Step-by-step walkthrough

Step-by-step walkthrough

Prerequisites

Before starting this tutorial, make sure you have:

  1. Installed Sema4.ai Studio and connected it to Snowflake
  2. Installed the Sema4.ai SDK extensions
  3. Completed the Data setup guide to create the required database objects and load sample data
  4. The following Snowflake requirements:
    • Admin level access to a Snowflake account
    • Key-pair authentication set up for your Snowflake user
    • Cortex AI LLM usage granted to your account/role (and cross-region inference enabled in case your Snowflake account is in a region where it's needed, read more here (opens in a new tab))

Part 1: Build your first agent

You'll learn how to:

  1. Build your first agent from the scratch
  2. Work with a natural language runbook
  3. Connect with Snowflake Cortex Analyst
  4. Test your agent locally

Open Sema4.ai Studio

We'll get started using Sema4.ai Studio. Open it up and take a moment to look around the Studio. These are the main tabs you'll be using:

  • Agents - This is where you'll see all your agents, create new ones, and manage existing ones.
  • Actions - Home of the actions that your agents can use. We've included a gallery of prebuilt actions to common platform (tagged with prefix Sema4.ai) and you can also create your own (will be tagged with prefix My Actions).
  • Data Sources - Connections to data sources that you can use in your agents.
Sema4.ai Studio - Ready to build agents!
Sema4.ai Studio - Ready to build agents!

Build a new agent

Now that you're all set up, let's build your first agent! We are going to build one from the scratch (but worry not, all details are provided in the tutorial).

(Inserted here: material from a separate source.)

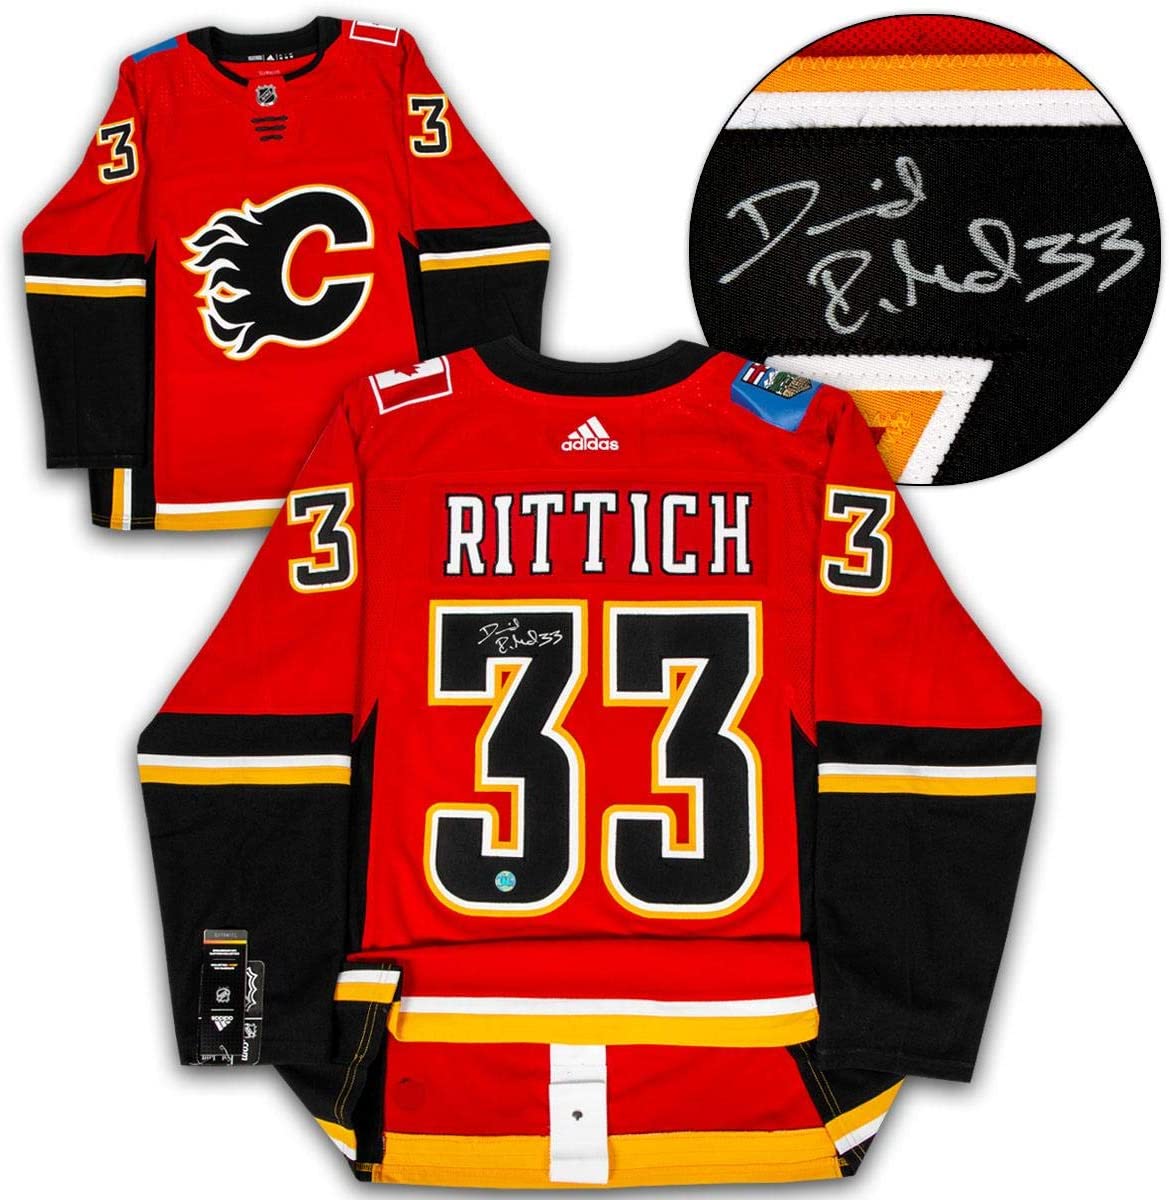 David Rittich Calgary Flames Autographed Adidas Jersey

  1. Navigate to the Agents screen from the main navigation (or click Try Now button in the home screen)
  2. Under My Agents tab, click button.
Create new agent
Create new agent
  1. Choose Conversational as the agent type.
Choose agent type
Choose agent type
  1. Give your agent a name, for example Oil and Gas Analyst.
  2. Give your agent a description, for example Oil and gas analyst's best friend - helps with data analysis and insights.
  3. Next, we'll create a runbook for your agent. Click Create Runbook button to open the editor. By default the editor shows an outline of a runbook that you can use to get started.
  4. We've made this easy for you: Download the runbook.md (opens in a new tab) file first.
  5. Then click the import button with icon and select the runbook file you just downloaded with the file browser.
Import runbook
Import runbook
  1. Click Save button in the top right corner to save your changes, and then close the runbook editor with the button.
  2. Because you're connected to your Snowflake account, we've automatically configured Snowflake Cortex AI as your default LLM. Let's not change that.

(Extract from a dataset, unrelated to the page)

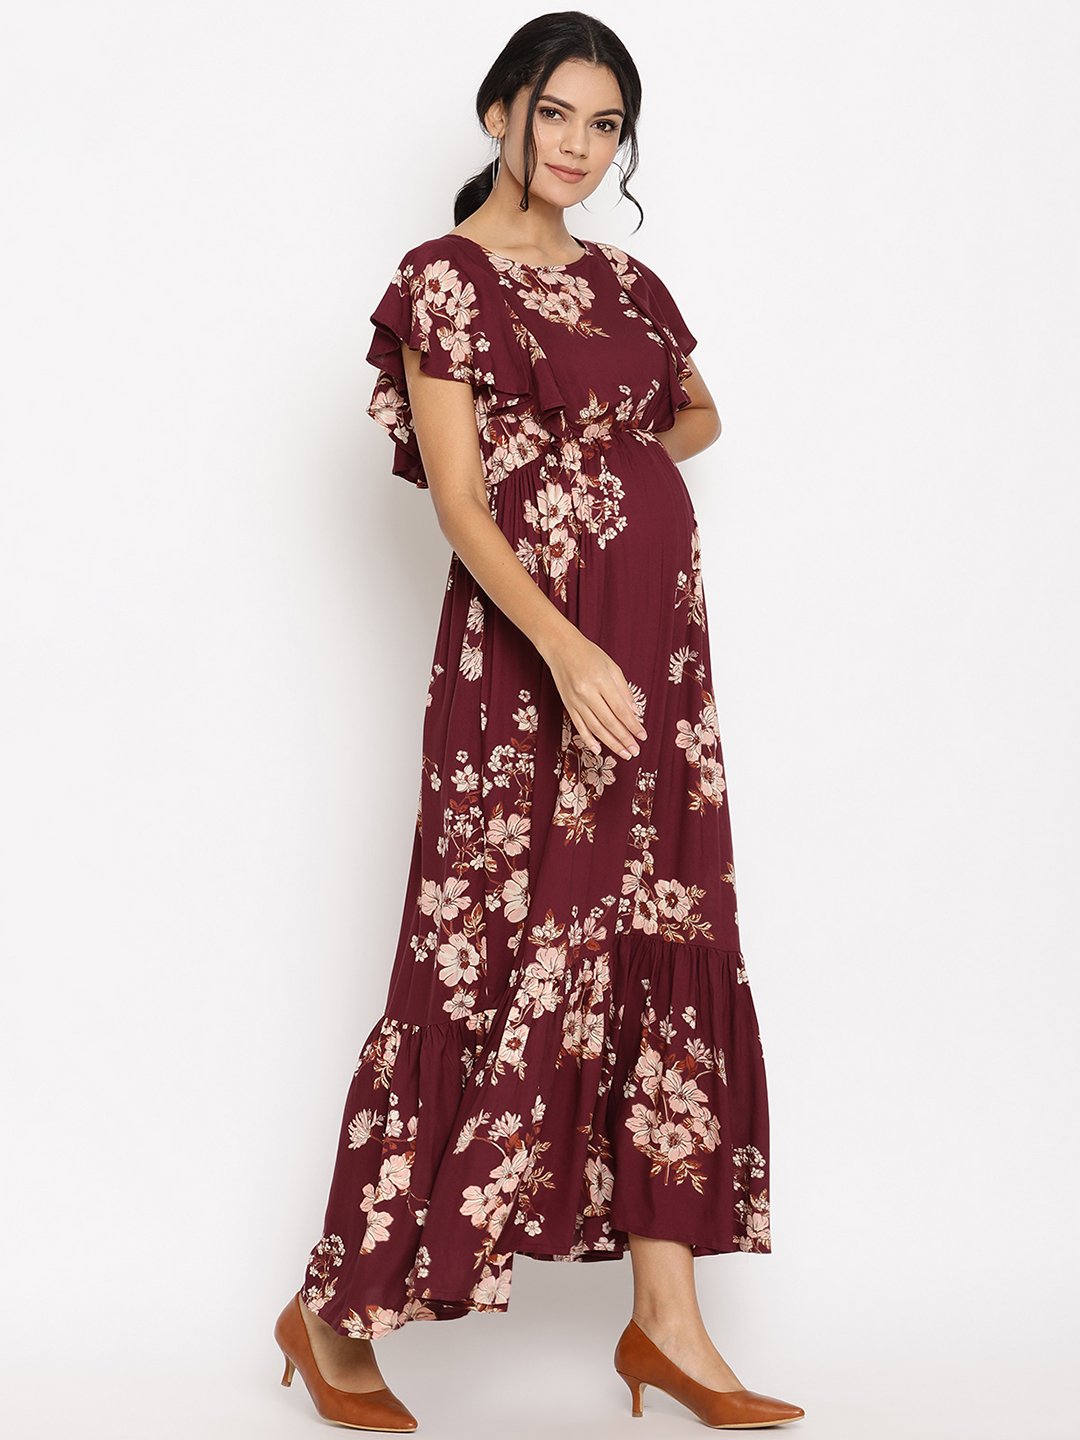 Horton Lane | Maternity & Breastfeeding Friendly Wedding Guest Dresses

Ok, taking a bit of a breather here. Now all the basics configurations of your agent are done. This is is what you should see:

Agent created
Agent created

Add actions

Next up, we'll add actions to your agent. We've prepared a gallery of pre-built actions that make it easy to connect agents to your enterprise apps. We have covered creating your own custom actions with Python in other tutorials.

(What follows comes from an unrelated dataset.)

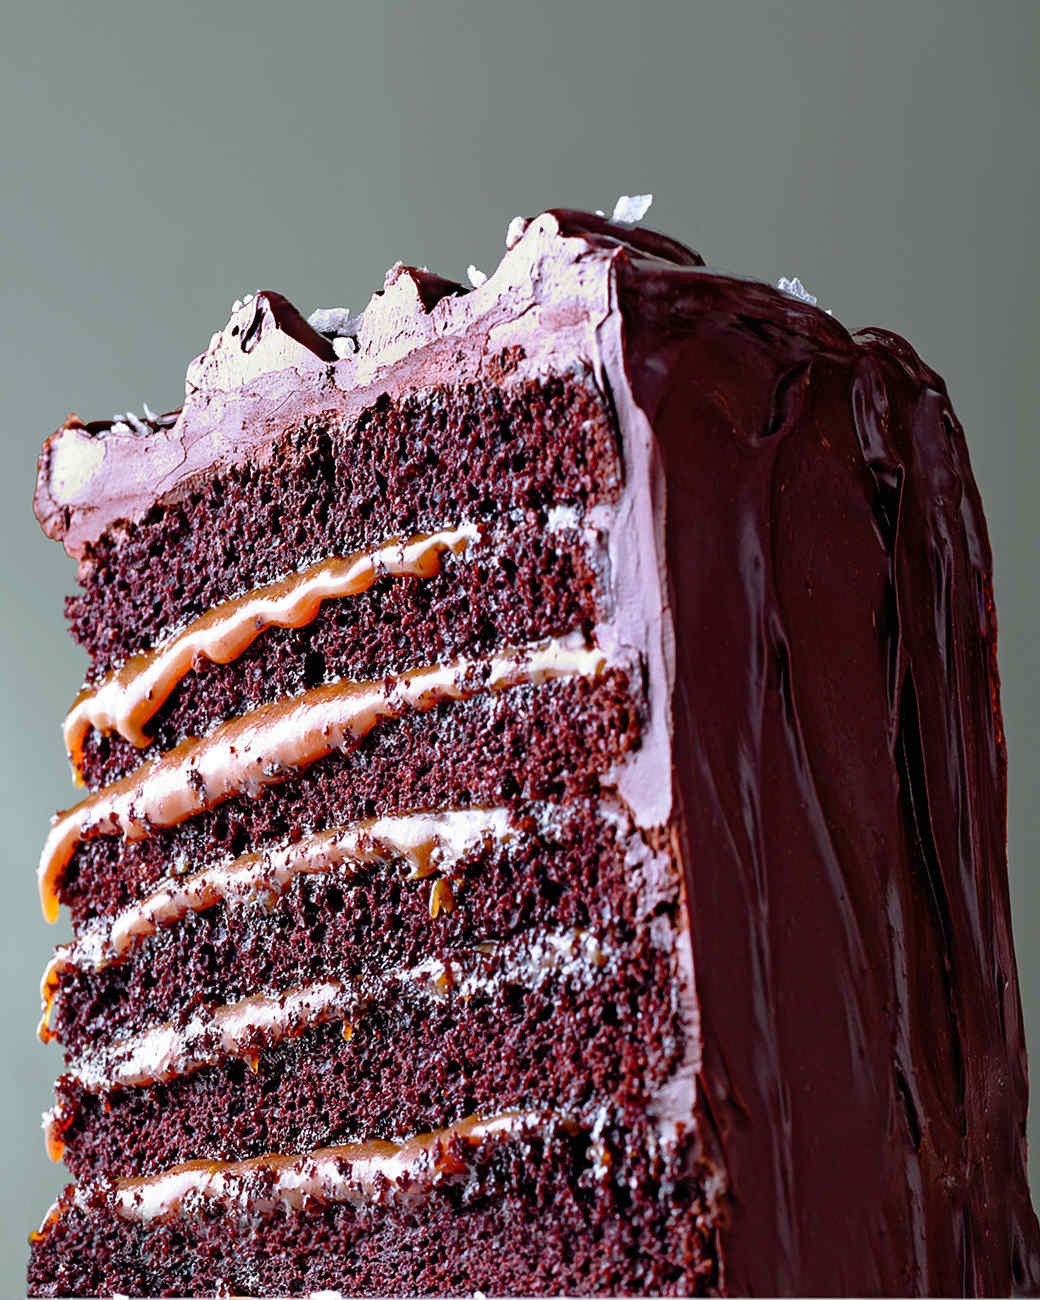 Martha Stewart Chocolate Cake Inspirational Thanksgiving Desserts Of Martha Stewart Chocolate Cake

Adding the Snowflake Cortex Analyst action package

  1. Click Add Action.
  2. Scroll to or search for Sema4.ai / Snowflake Cortex Analyst action package.
Add action
Add action
  1. Click button to add a new action to your agent - it may take a bit as the action package and the Python environment are automatically loaded.
  2. Then click Add to Agent button at the top.
Add to Agent
Add to Agent
  1. You'll see that the action package is "yellow" which means you need to provide some configuration details.
  2. Click the Configure button.
  3. Finally, we'll provide the values that let the action connect with your Snowflake Cortex services. Input these values to the fields:
ConfigurationValue
DatabaseOIL_AND_GAS
SchemaPUBLIC
Semantic model file@OIL_AND_GAS.PUBLIC.CORTEX_ANALYST/oil_gas.yaml
WarehouseSEMA4_DEMO_WH
Configure actions
Configure actions
  1. Click Confirm.
  2. Click Deploy on the bottom left to bring your agent to life!
Deployed agent
Deployed agent

Test your agent locally

Once agent deployment is complete, you'll see the chat interface along with the agent details on the right panel.

  1. Create new Chat from the left panel
  2. Ask agent a question releveant to data, for example:

What is the total oil production by company for year to date 2024?

Agent uses Cortex Analyst to generate a query that answers the question
Agent uses Cortex Analyst to generate a query that answers the question
  1. Observe how calls the Cortex Analyst action to generate a query that answers your question, and then executes the query using the Snowflake Execute Query action.
  2. Finally, the agent produces a chart of the results, in cases where chart makes sense - this is because we instructed the agent to do so in the runbook.
Agent produces a chart of the results
Agent produces a chart of the results

Now it's your turn!

Try asking the agent a few questions to see how it performs. Here are some examples:

Show me my top 5 producing wells

Can you show me the monthly production data for TEDDY FEDERAL 12X-5F

What other wells are operated by this same company?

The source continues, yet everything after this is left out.